_WORK INSTRUCTIONS_. With the pictures left out, return exactly the lines from the one containing "Bacon Wrapped Appetizers Recipe" through the end of the listing below.

_PROVIDED MATERIAL_.
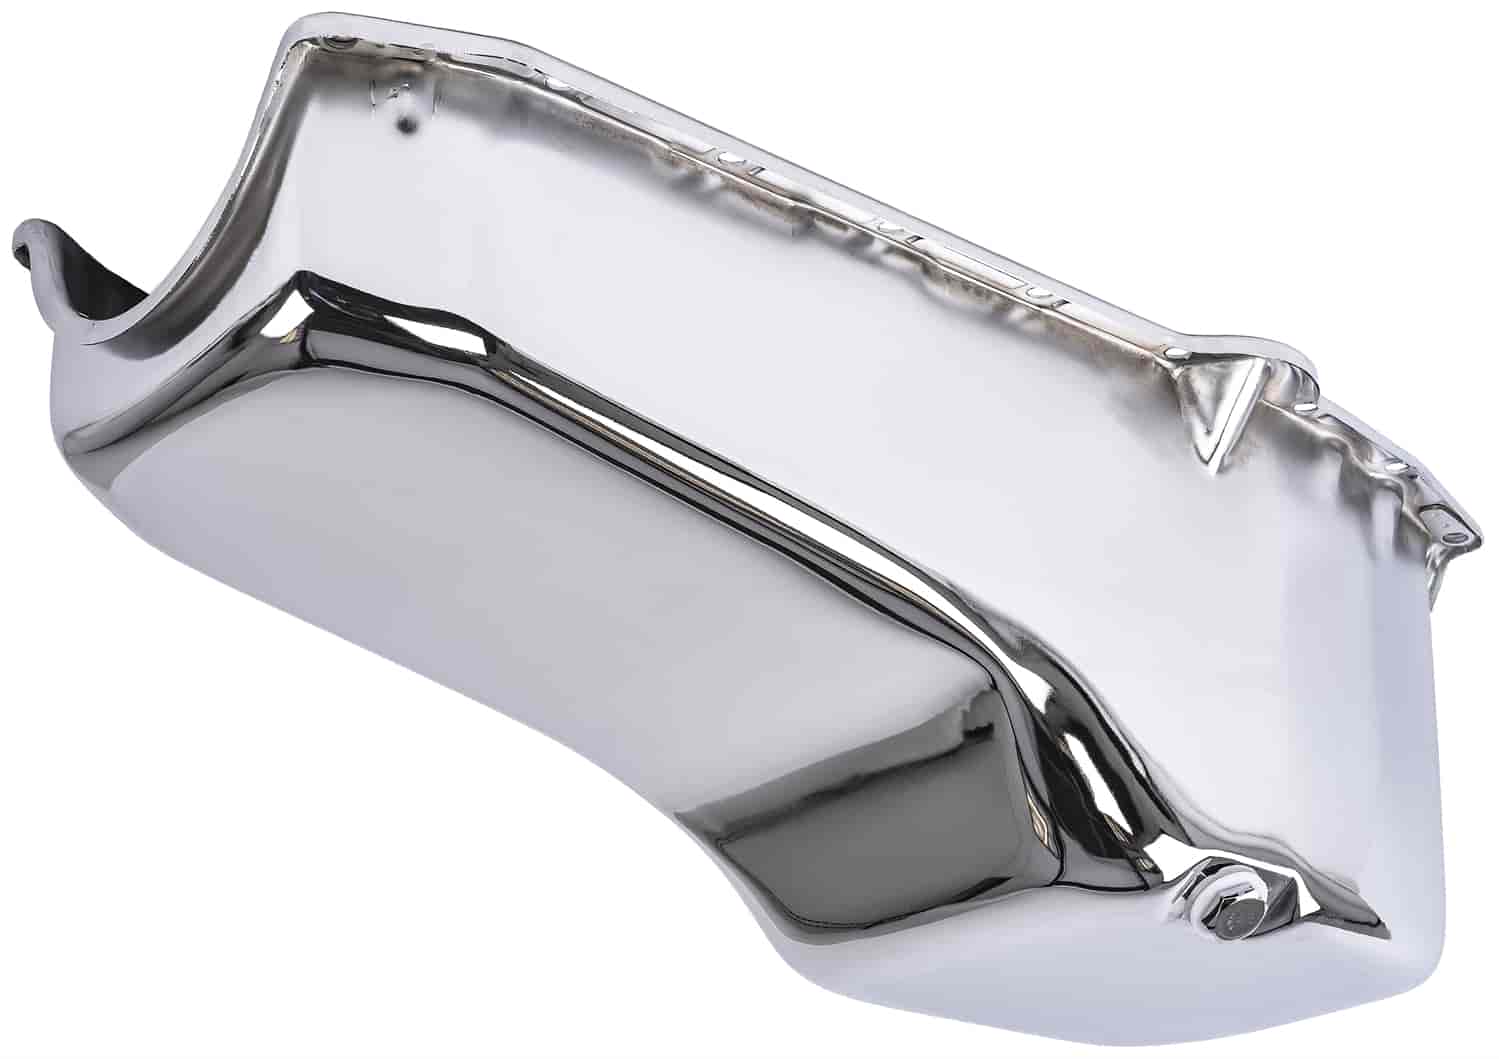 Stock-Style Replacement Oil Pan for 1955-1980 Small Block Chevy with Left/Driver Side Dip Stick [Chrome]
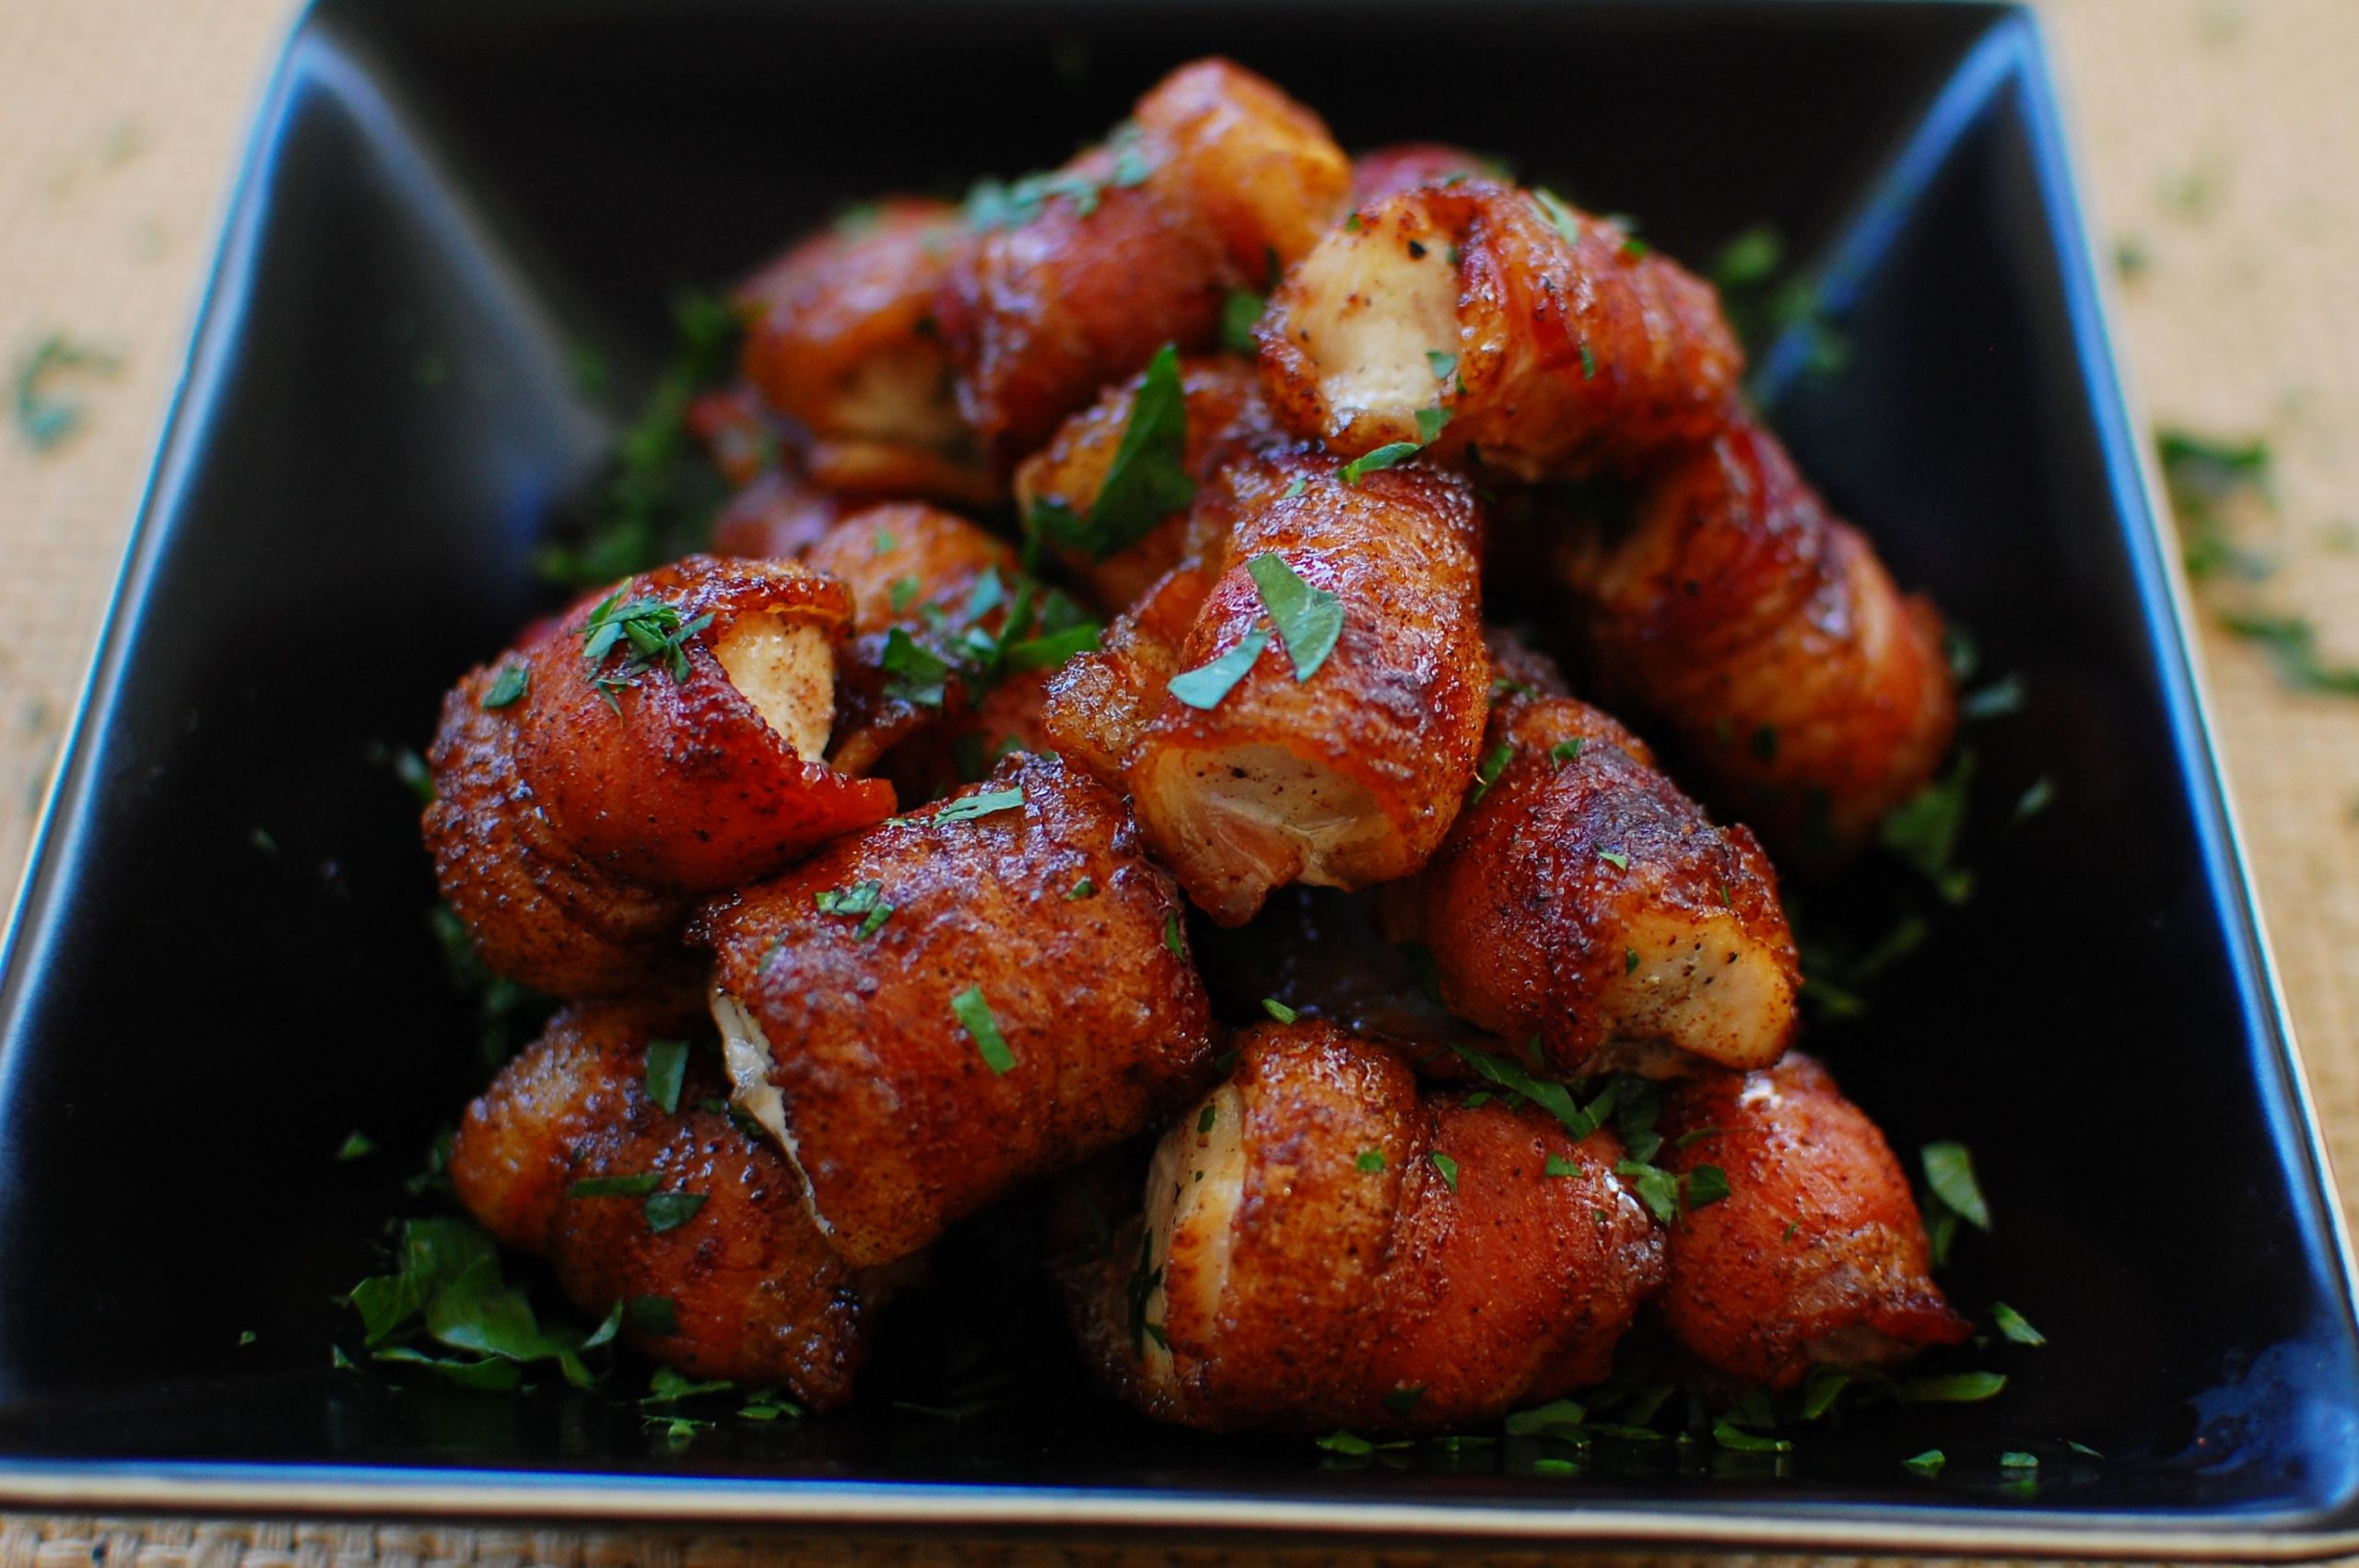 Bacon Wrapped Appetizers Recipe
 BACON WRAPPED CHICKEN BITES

_WRITTEN SOLUTION_.
 Bacon Wrapped Appetizers Recipe
 BACON WRAPPED CHICKEN BITES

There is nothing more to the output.